There is a 'task1' which eventually calls my own Handle_TwinCAT function. I toggle a pin on the ICE to see the interval between two calls to may funktion. This interval is approx. 30ms. This is far to slow. How can tell the scheduler to start my task say every 200us?

Michael

  • The TI-RTOS kernel is a preemptive RTOS. The highest priority thread (Hwi, Swi, or Task) runs. What other threads do you have in the system? Are they higher priority and potentially running for a long time (and thus delaying other tasks). What is "task1" blocked on? Generally a task has the following structure

    Void myTask(UArg arg0, UArg arg1)

    {

        // setup code

        while (1) {

            // Block on a semaphore waiting for some action to post the semaphore and let the task run

            // or Task_sleep for some duration.

            // perform necessary actions

        }

  • The software is the EtherCAT example application.

    There are two tasks with priority 6, two tasks with priority 8, one with priority 4 and my own task with priority 15.

    From your RTOS description it sounds like it is not a really preemptive real time OS but a cooperative OS. In my understanding in a preemptive OS a task is stopped after consuming it's time slot and the next ready task is started. Here it seems that a task which loops forever such as while(1); can block the other tasks. Is this really true?

  • The TI-RTOS scheduler is not a time-sliced/round-robin. The highest priority thread that is ready to run will run until it completes (e.g. ISR ends or, for Tasks, hits a blocking call like Task_sleep or blocks on a semaphore).

    From Wikipedia (en.wikipedia.org/.../Real-time_operating_system)

    The most common designs are:

    • Event-driven which switches tasks only when an event of higher priority needs servicing, called preemptive priority, or priority scheduling.
    • Time-sharing designs switch tasks on a regular clocked interrupt, and on events, called round robin.
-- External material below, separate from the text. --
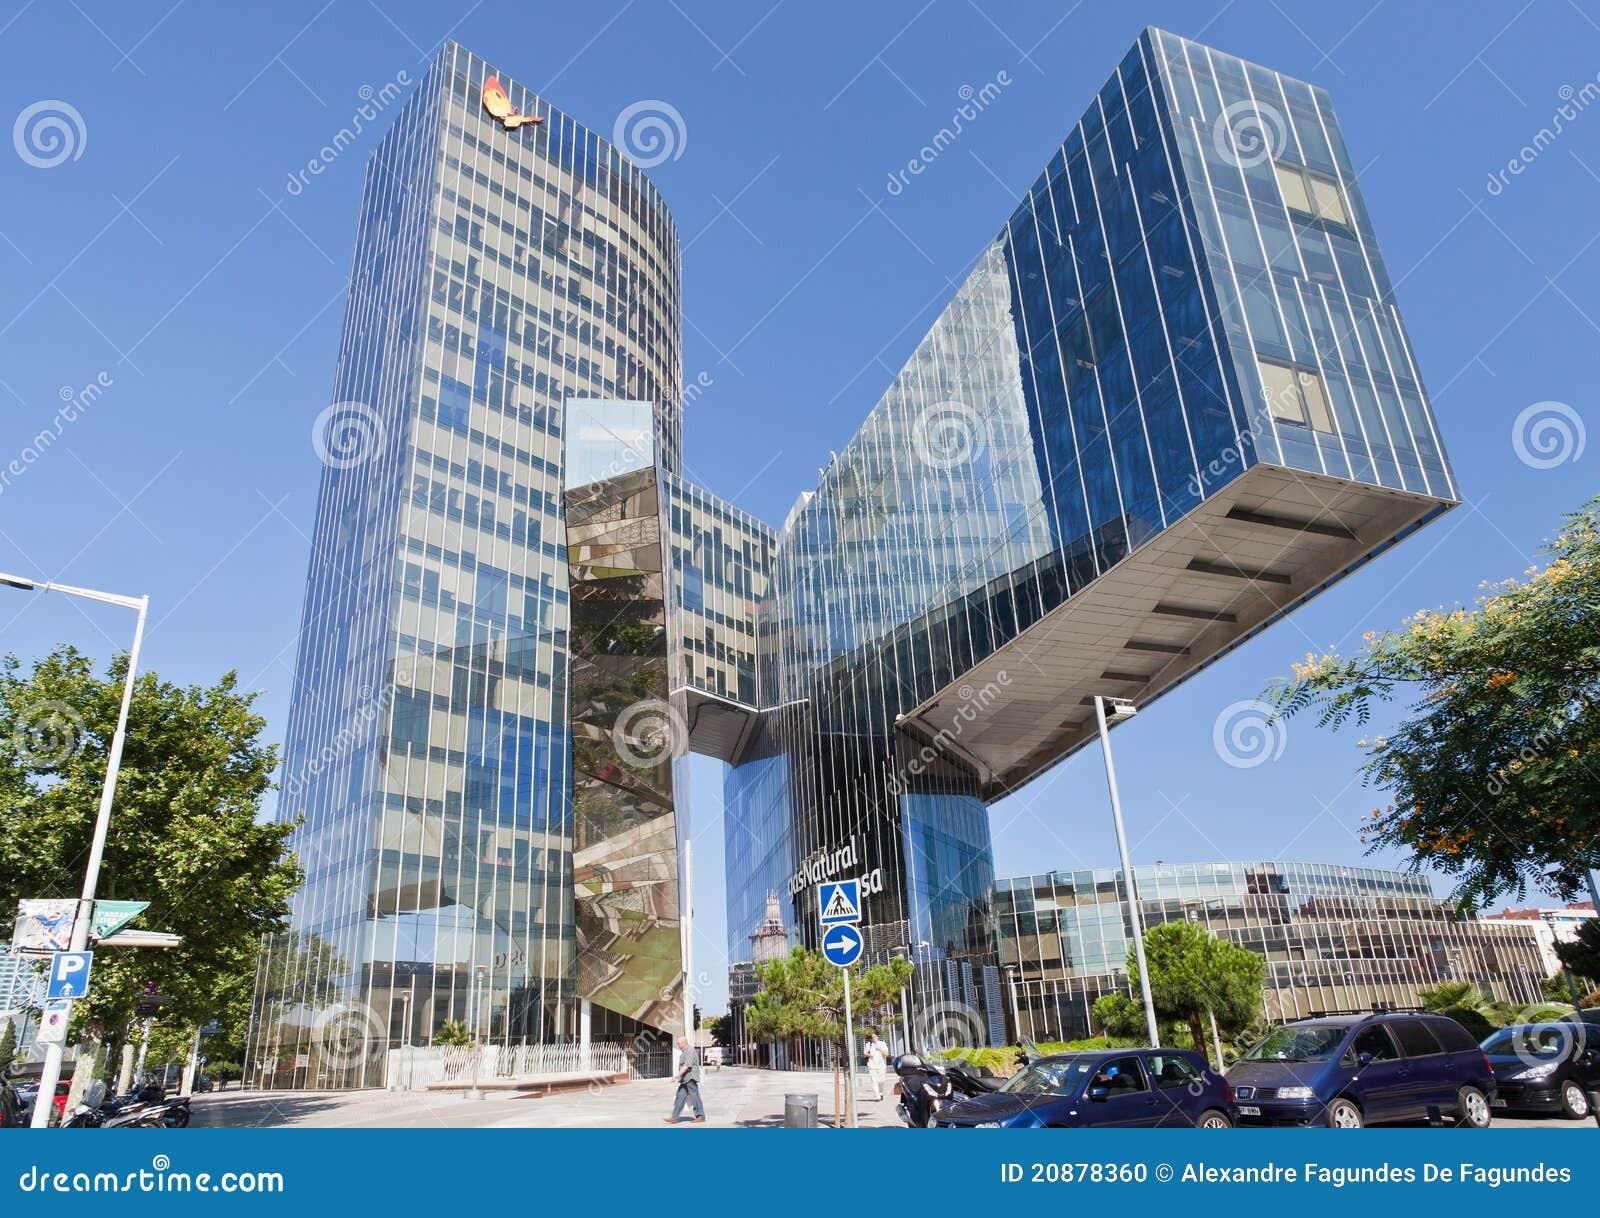 enric miralles time architecture Clichy montfermeil grand paris express, paris in paris has been announced as barcelona based architects enric miralles / benedetta play-time architectonic.

    Yes, if you do while(1); in the highest priority task, no other tasks will ever run (Hwi and Swi threads will because they have higher priority than a Task).

  • Either a rtos clock or a general purpose timer hwi can be used to post a semaphore and wake up a task OR they can use Task_setPri() function to raise a tasks' priority to run. You should be able to achieve timeslicing in this way.